■ **Your instructions**
In this exercise, return the whole listing exactly, excluding any images.
*** Opening of Recorded data ***
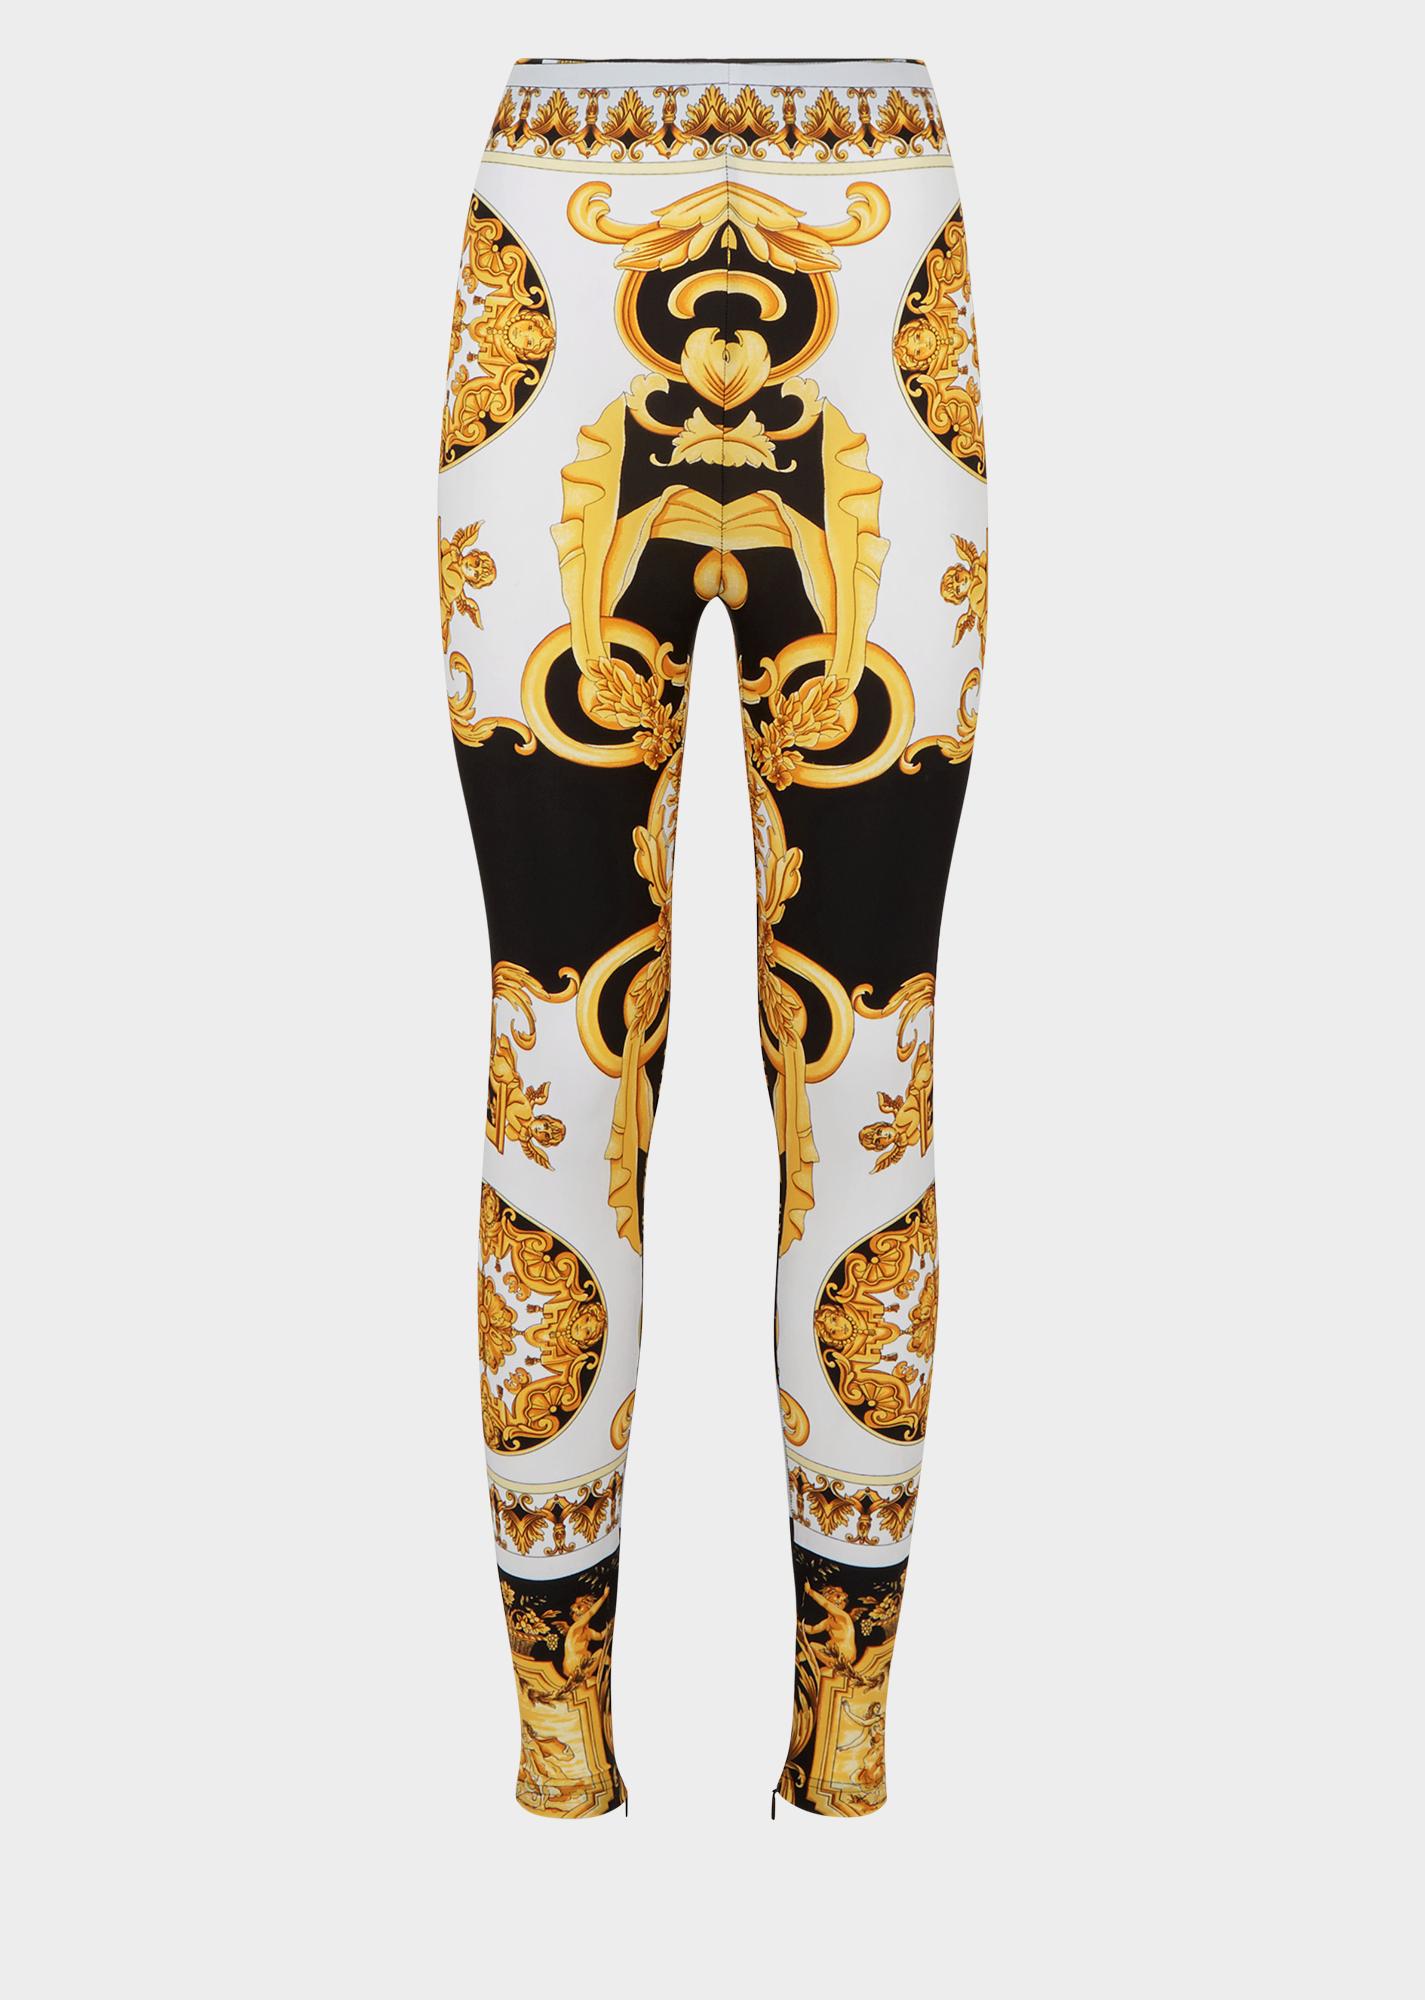 80a082a0b8 Versace - SS2018 | Barocco SS'92 Print Leggings | PANTS/SHORTS in ...
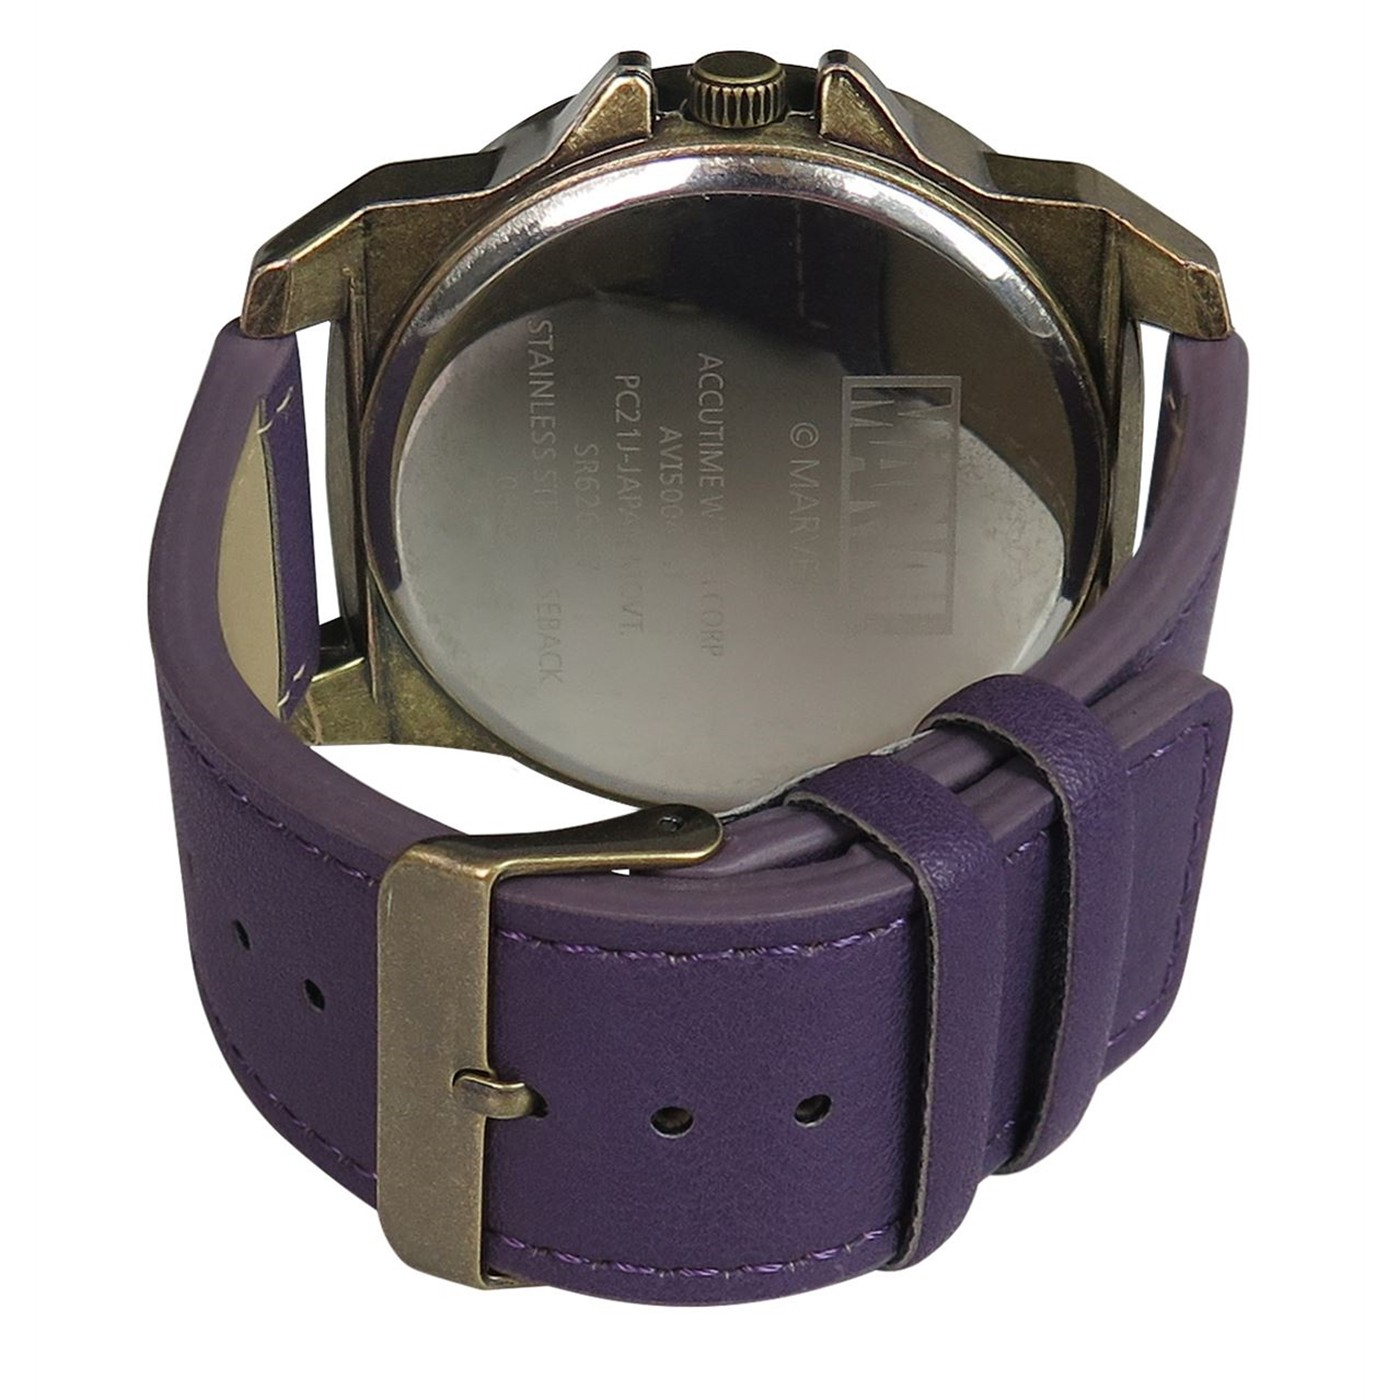 Infinity War Gauntlet Watch with Adjustable Strap
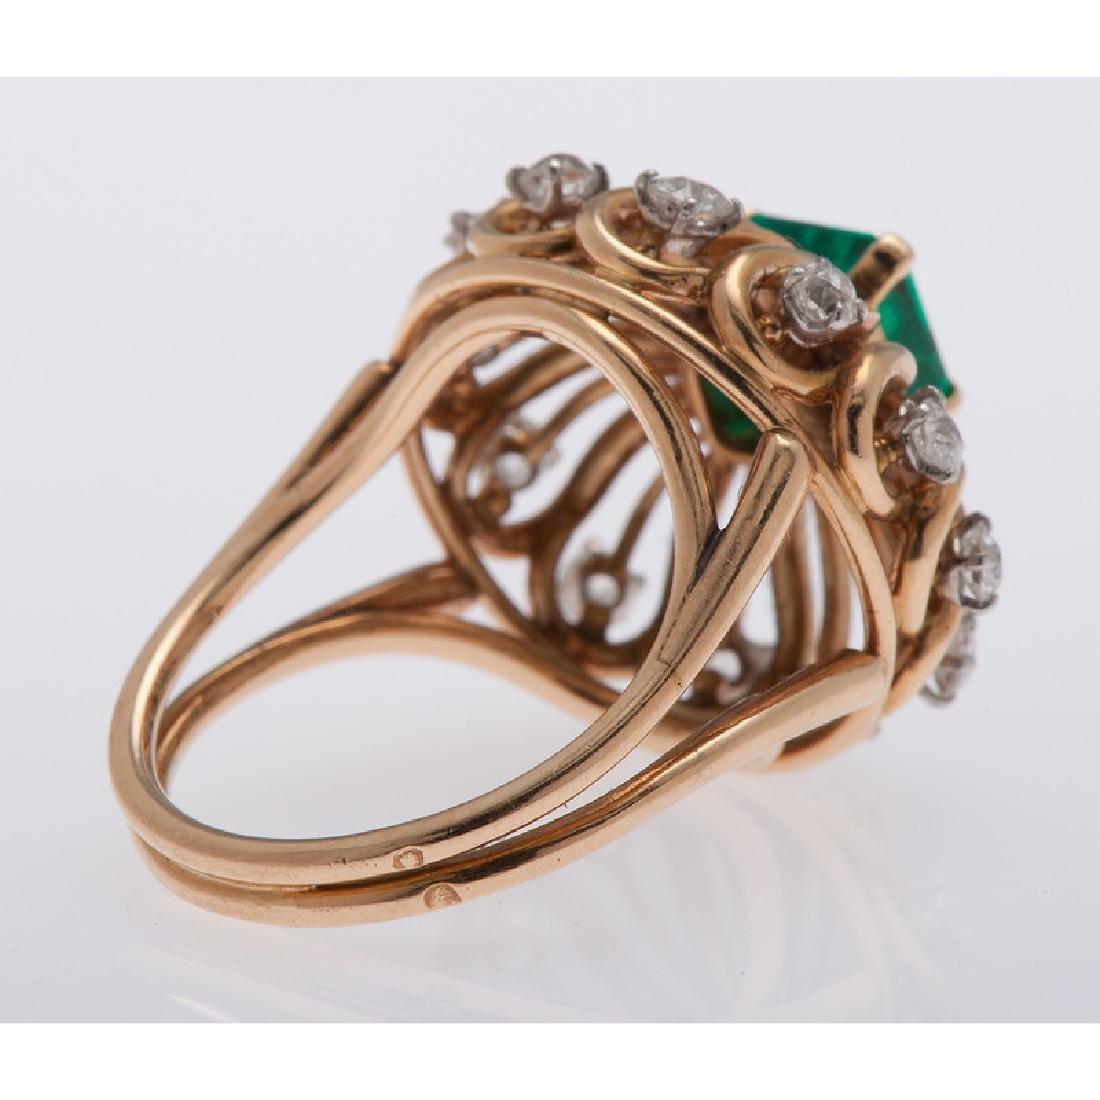 Mellerio 18 Karat Yellow Gold Emerald and Diamond Ring - 4
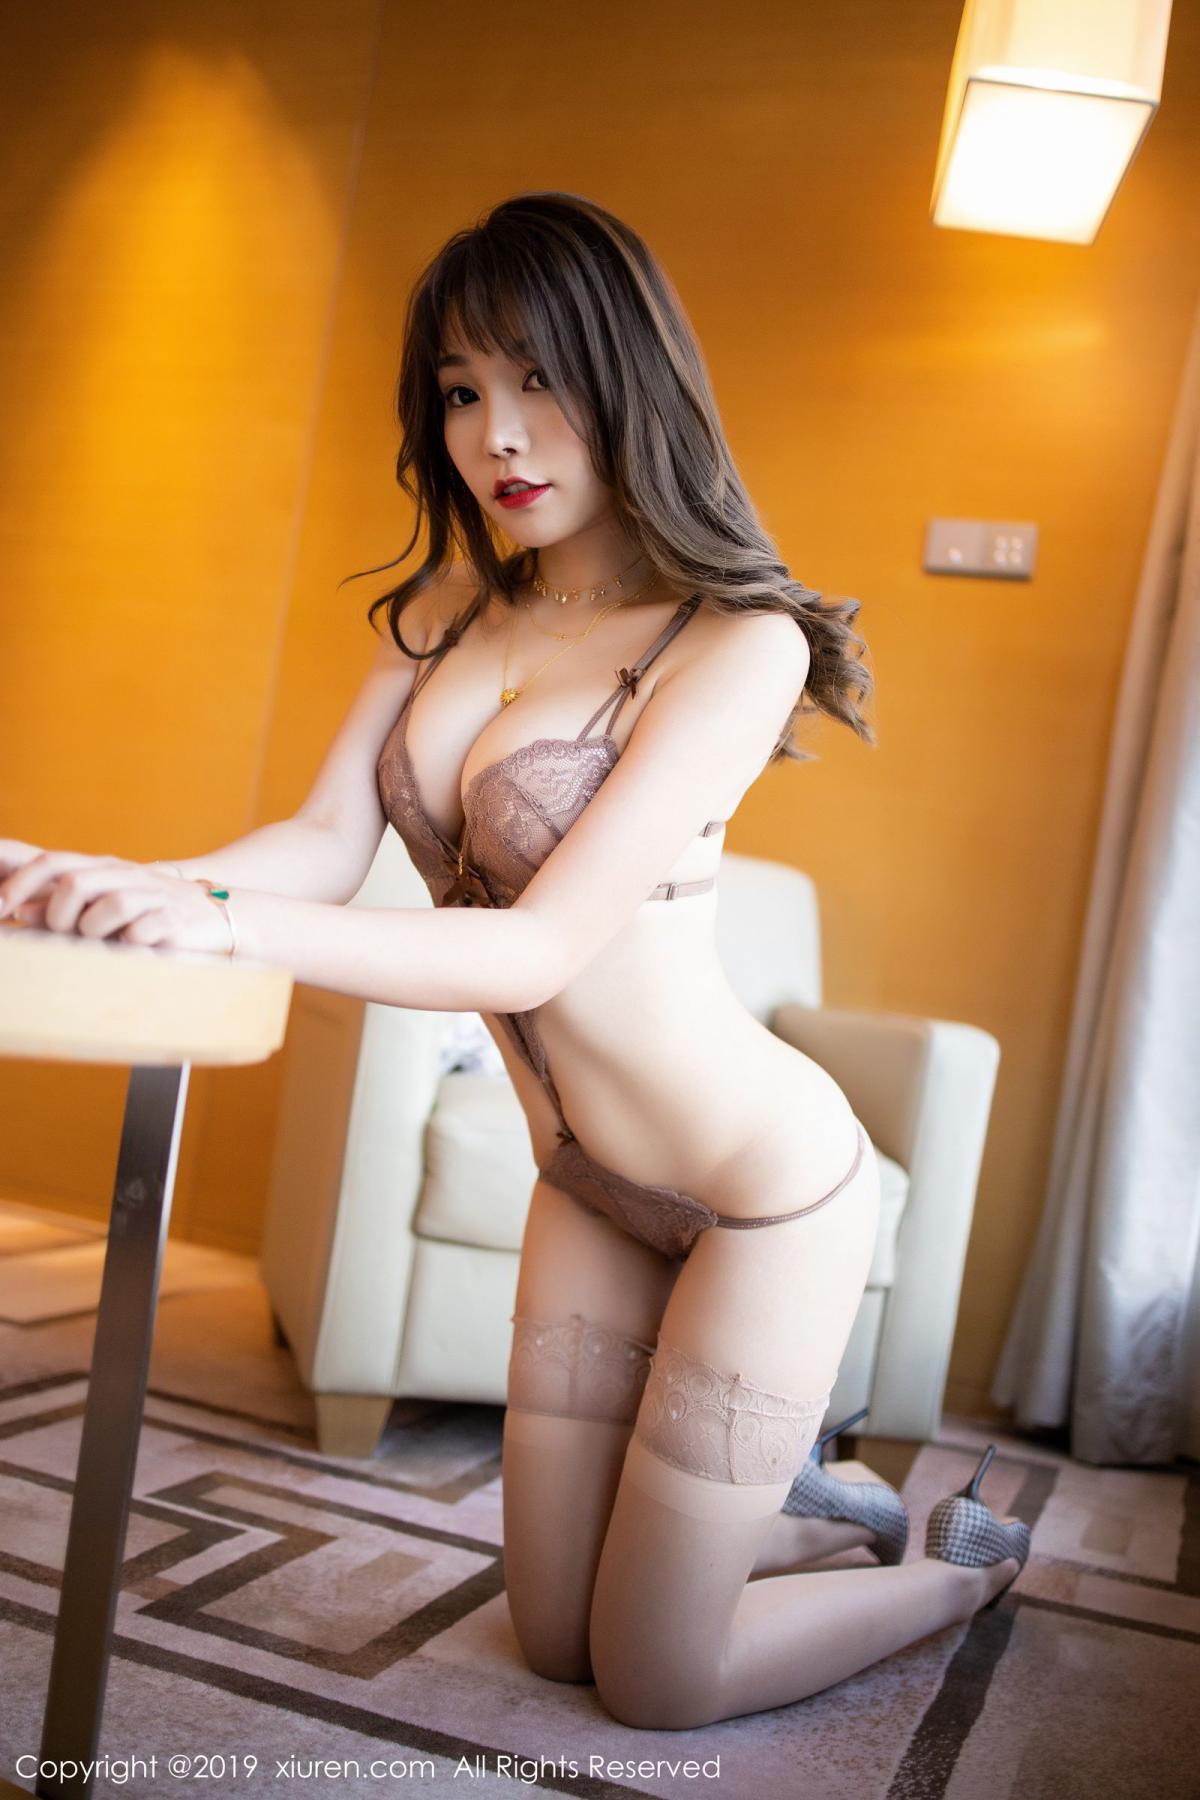 [XiuRen] Vol.1675 Chen Zhi 46P, Chen Zhi, Cheongsam, Tall, Underwear, Xiuren
*** Close of Recorded data ***
■ **Result for this exercise**
 80a082a0b8 Versace - SS2018 | Barocco SS'92 Print Leggings | PANTS/SHORTS in ...
 Infinity War Gauntlet Watch with Adjustable Strap
 Mellerio 18 Karat Yellow Gold Emerald and Diamond Ring - 4
 [XiuRen] Vol.1675 Chen Zhi 46P, Chen Zhi, Cheongsam, Tall, Underwear, Xiuren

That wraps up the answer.